As for Gelman and Carlin, take a look at what I say in the section that asks whether the answer to my question is any different if we knew the true mu was a value mu’ that the test had little power against. The answer doesn’t change, but clearly M* exceeds mu’, so if you knew mu = mu’, you’d know M* exceeds the true mu. So if you used M* to estimate mu–rather than the lower confidence bound–, then your estimate would exceed the true mu value. I think the strongest point is that one might very well suspect cheating, biased selection effects and the like, if M* is observed and is so clearly out of whack that even the lower confidence bound is out of whack with what’s known from background. That’s the only way I can make sense of their position. So, as you say, there may be no contradiction.
I don’t really know their work well, so if someone has a different explanation of their point I’d be glad to hear it. I inquired at one stage, and I don’t think we settled it.

4. Mayo:
Your reply is much appreciated. It’s possible that I didn’t fully get your point. I interpreted your two cases at the beginning of your blog as a situation in which mu’ is the same for both tests, and the sample size differs. So, scenario A has small n and low power for mu’, and scenario B has high n, high power for (the same) mu’. Both have identical p-values of .05 (just statistically significant result). In that case, scenario A would have to observe a larger deviation in the sample, as in Richard’s analogy of critical and uncritical judges.

To flesh this out a bit. Consider one case in which n=10, sd=1, and true mu in population is .1. For this to yield p=.05, I would need to see a deviation of roughly .62 (assumming here a critical cut-off of t=2). For n=1000, sd=1, and true mu in pop of .1, I need a deviation of .062 to yield p=.05. Power of these two tests for mu=0 against mu1=.1 is around 10% and over 90%, respectively. To me this mapped on to Richard’s analogy of the uncritial and critical judge. The n=10, low-powered test, hits only if deviation from 0 is quite large. The n=1000, high-powered test, hits if deviation from 0 is quite small. If they both have exactly p=.05, then in low-powered scenario I necessarily must have observed a larger deviation. Hopefully, this goes in the right direction of what you intended to convey.

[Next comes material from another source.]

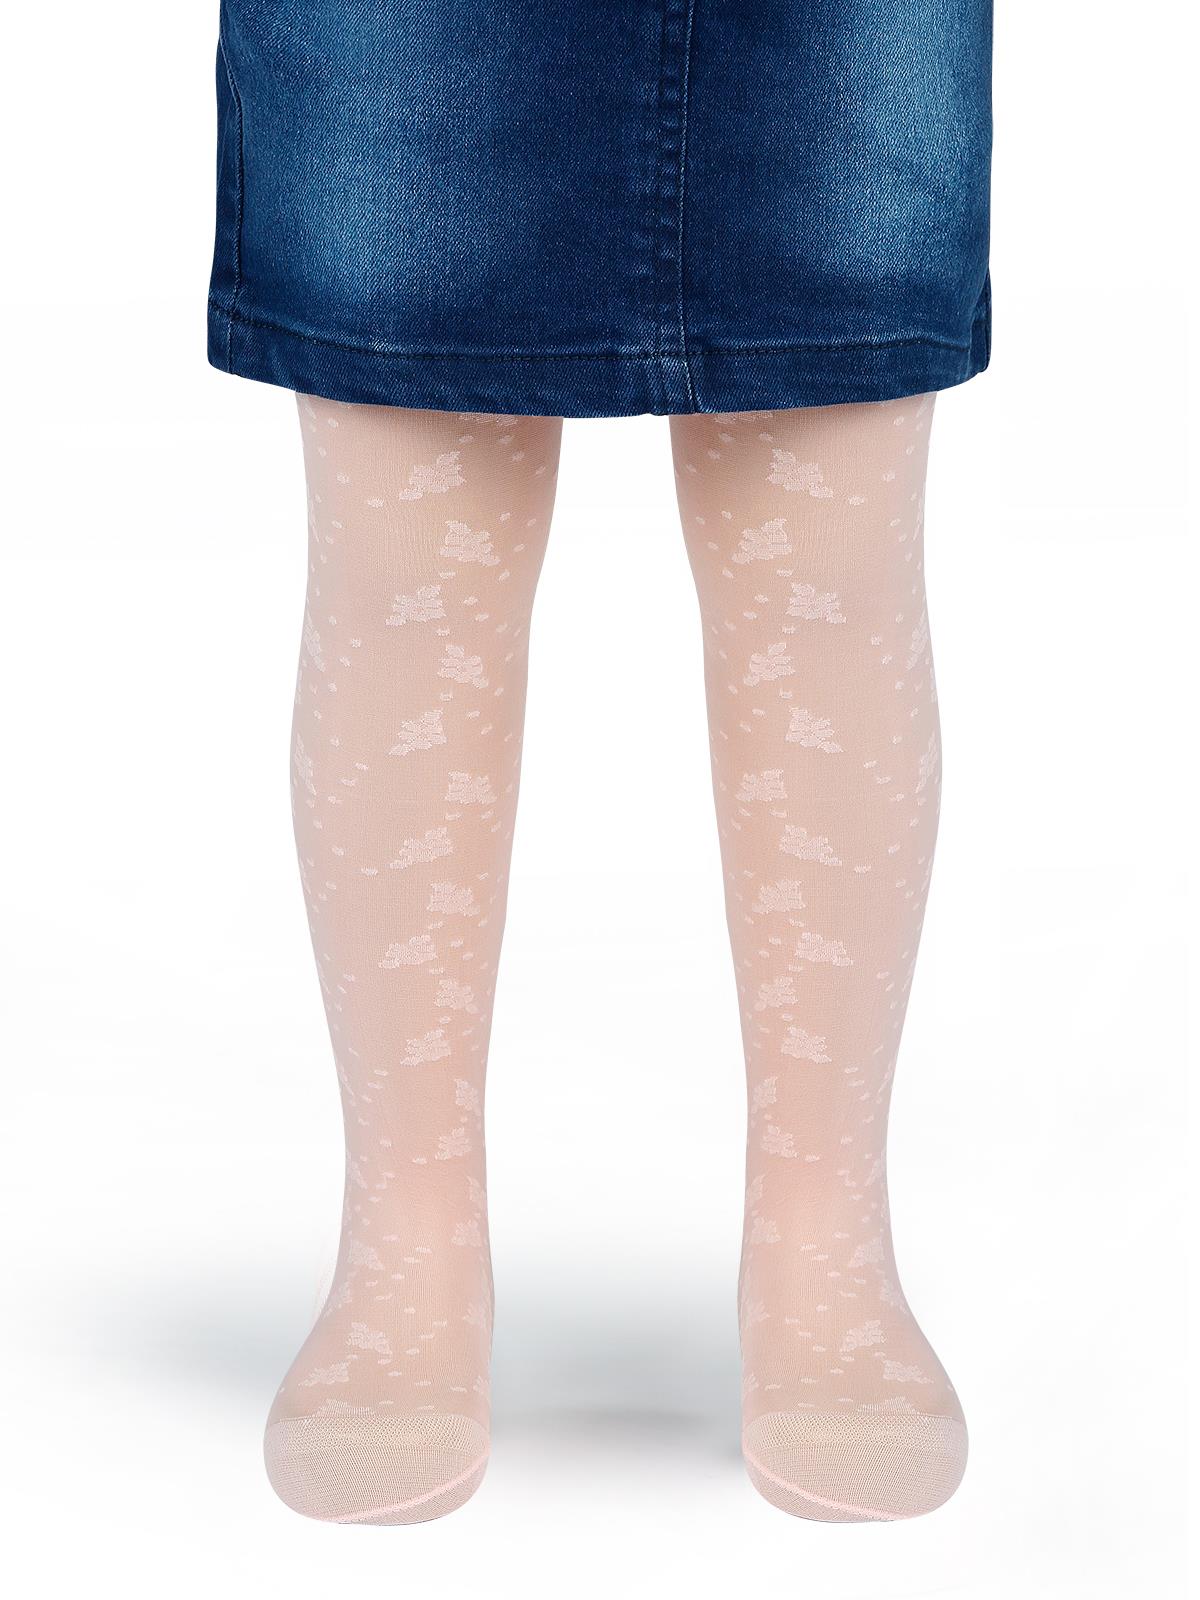 Bella Calze Kız Çocuk Külotlu Çorap 2-11 Yaş Pudra Pembe

I did notice that in your later examples where you flesh the scenarios out in the middle part, you consider a situation in which n is fixed throughout, and mu’ changes across scenarios, so maybe I am missing an additional point that you tried to make.

• Felix: What you say is right, but “big” is relative. Also, if the sample size is too small, affirming the assumptions hold even reasonably adequately is threatened.

• Thank you Mayo – I enjoyed this blog post and the small discussion. It made me think more deeply about statistical power, and hopefully I can integrate some of these thoughts in my teaching.